Exercise aim:
Each line below is to be copied exactly; images do not go into the copy.

Source data:

Segment Open

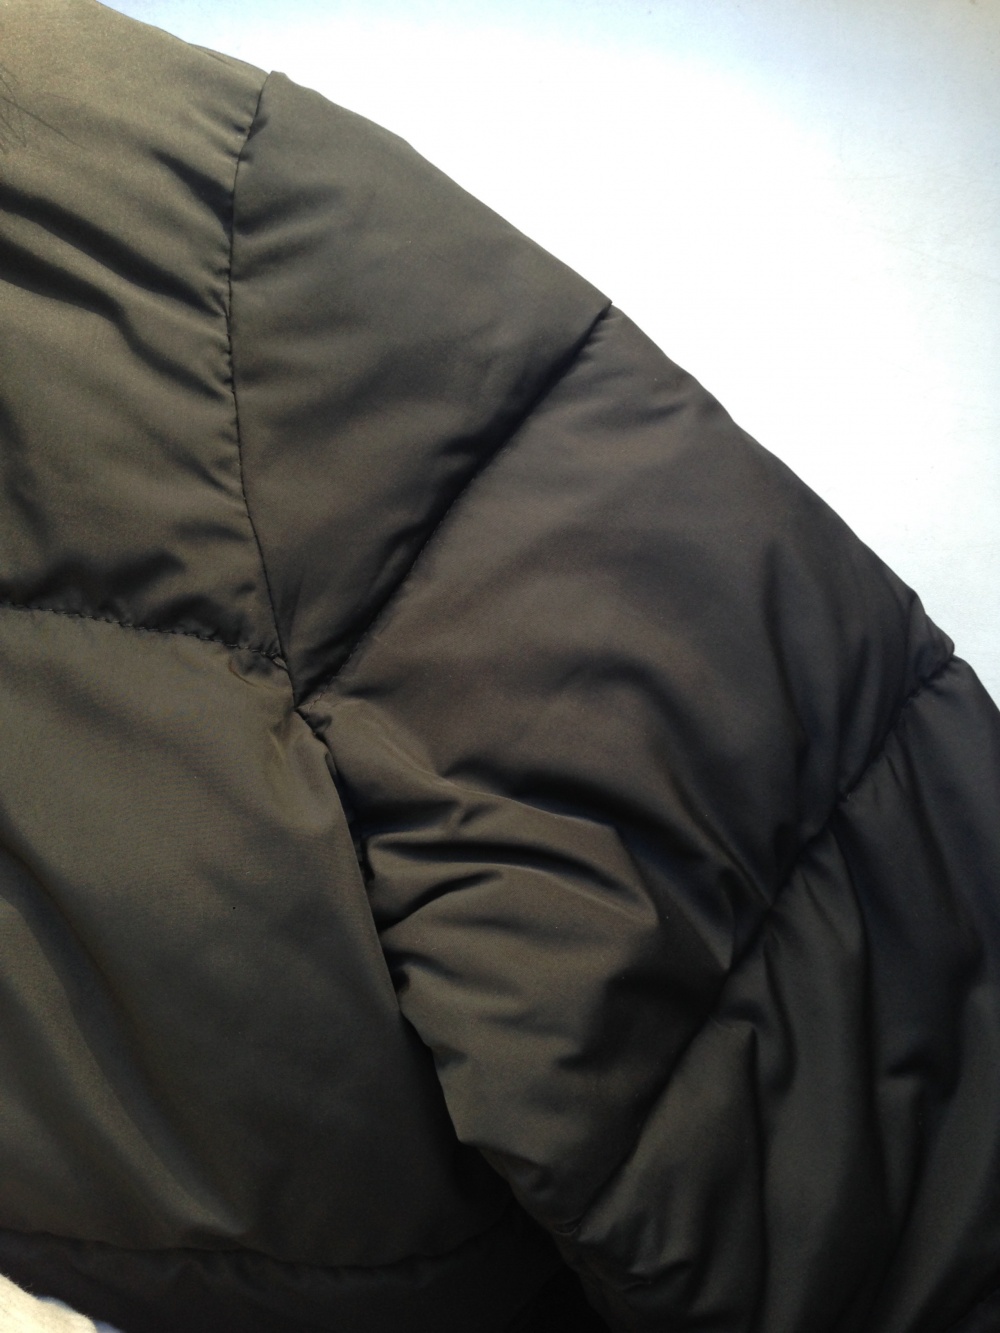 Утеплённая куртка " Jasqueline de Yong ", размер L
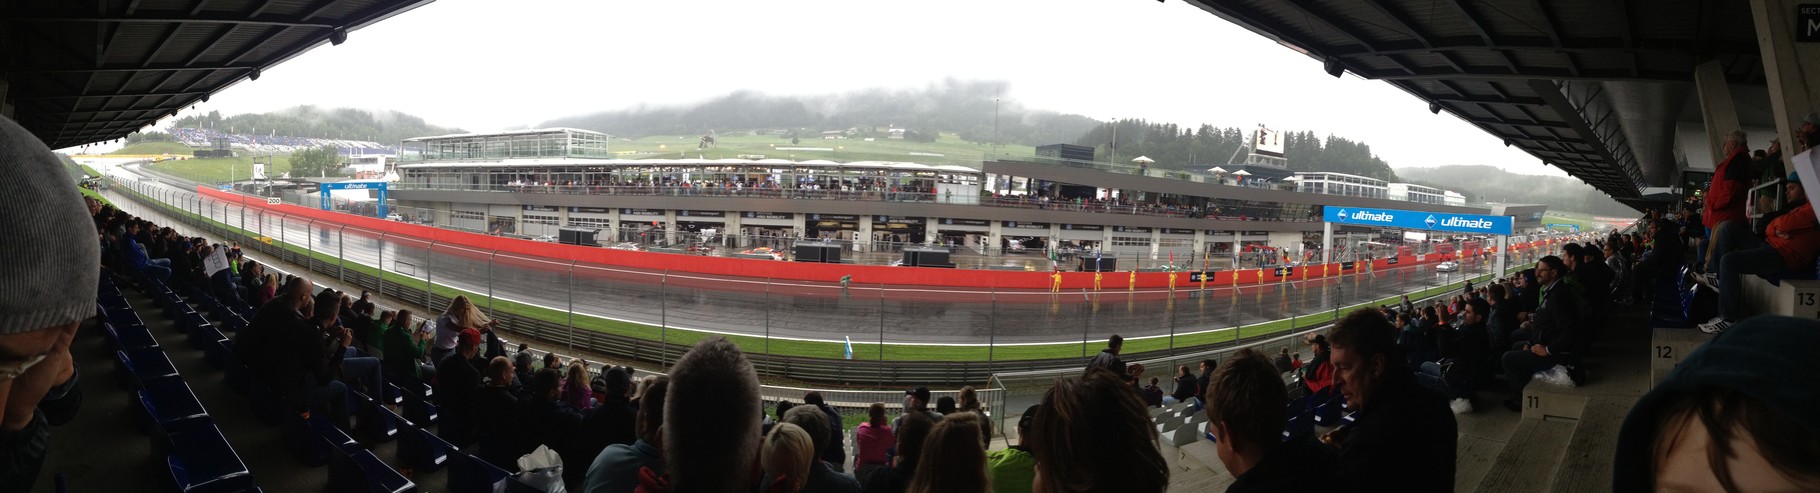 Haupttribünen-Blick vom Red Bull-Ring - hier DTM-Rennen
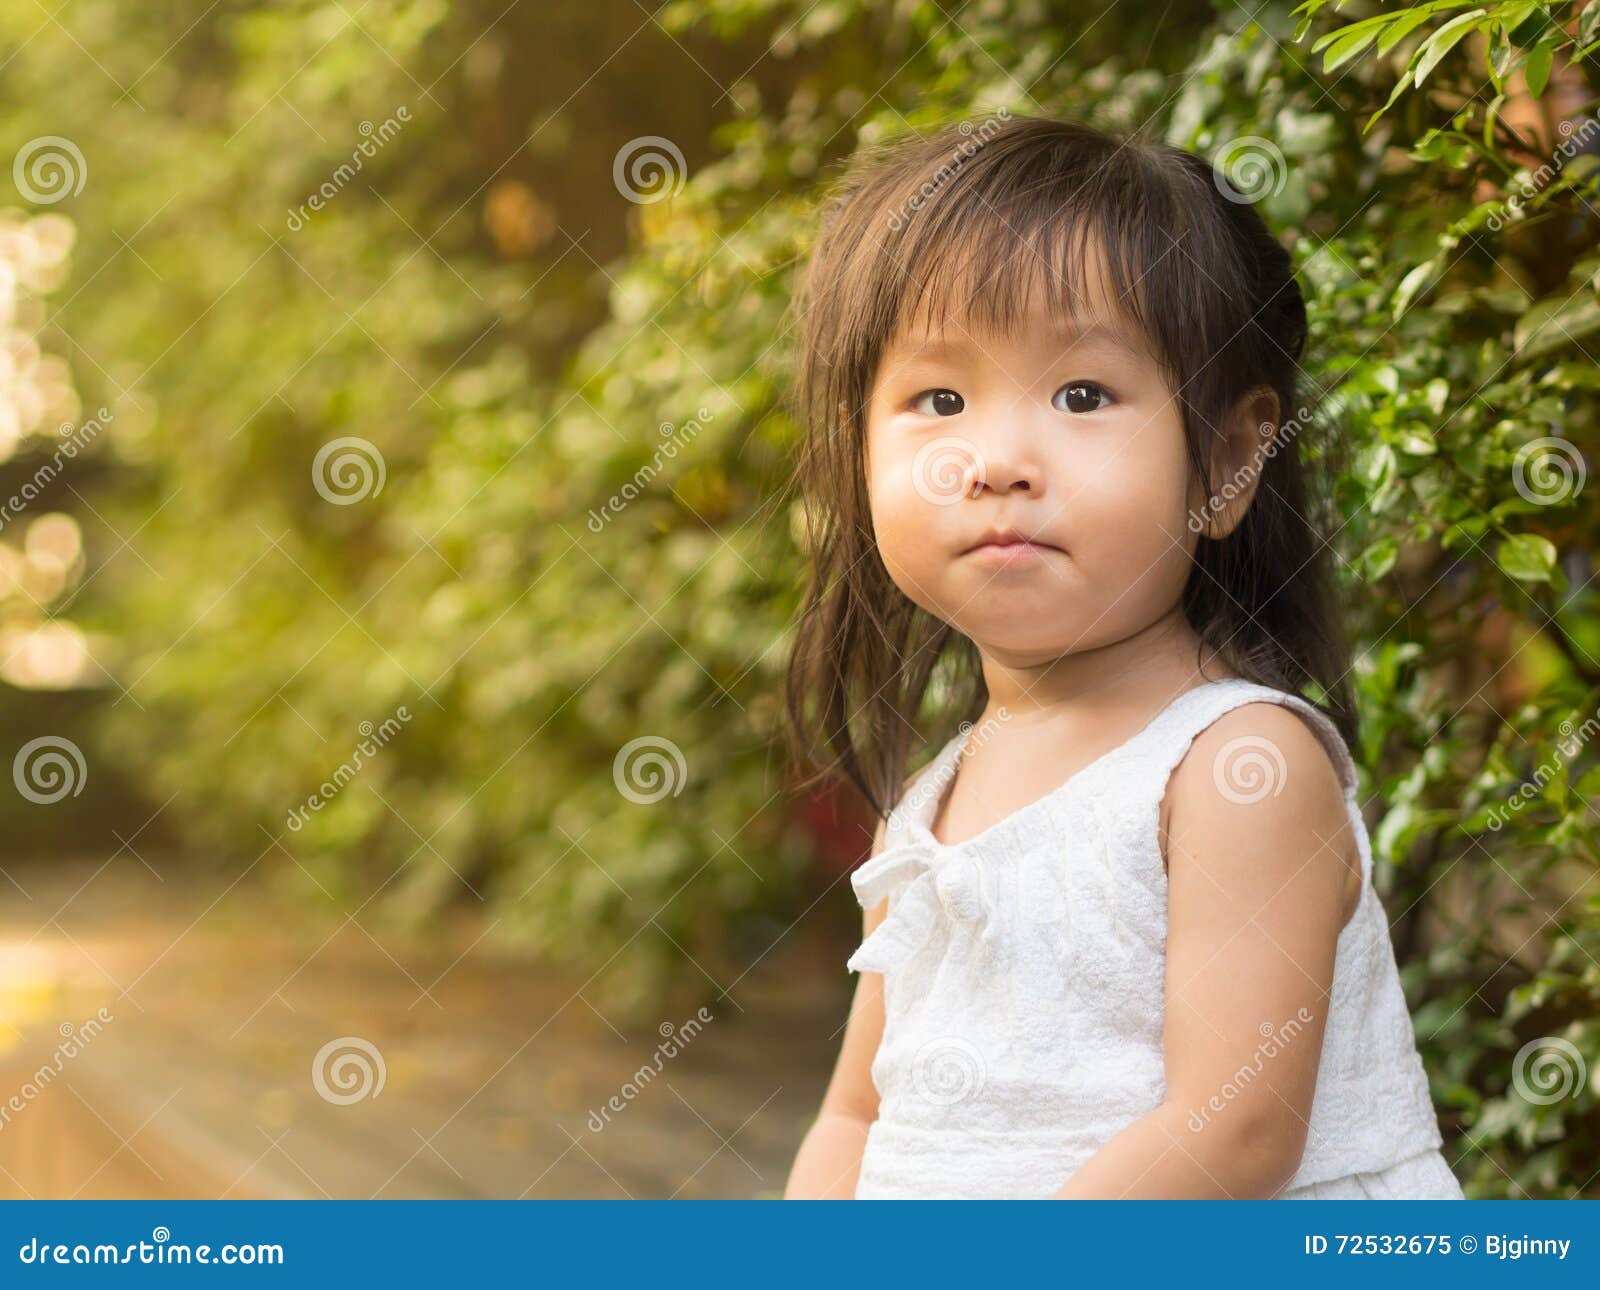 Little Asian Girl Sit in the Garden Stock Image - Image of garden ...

Segment Closed

Exercise answer:
 Утеплённая куртка " Jasqueline de Yong ", размер L
 Haupttribünen-Blick vom Red Bull-Ring - hier DTM-Rennen
 Little Asian Girl Sit in the Garden Stock Image - Image of garden ...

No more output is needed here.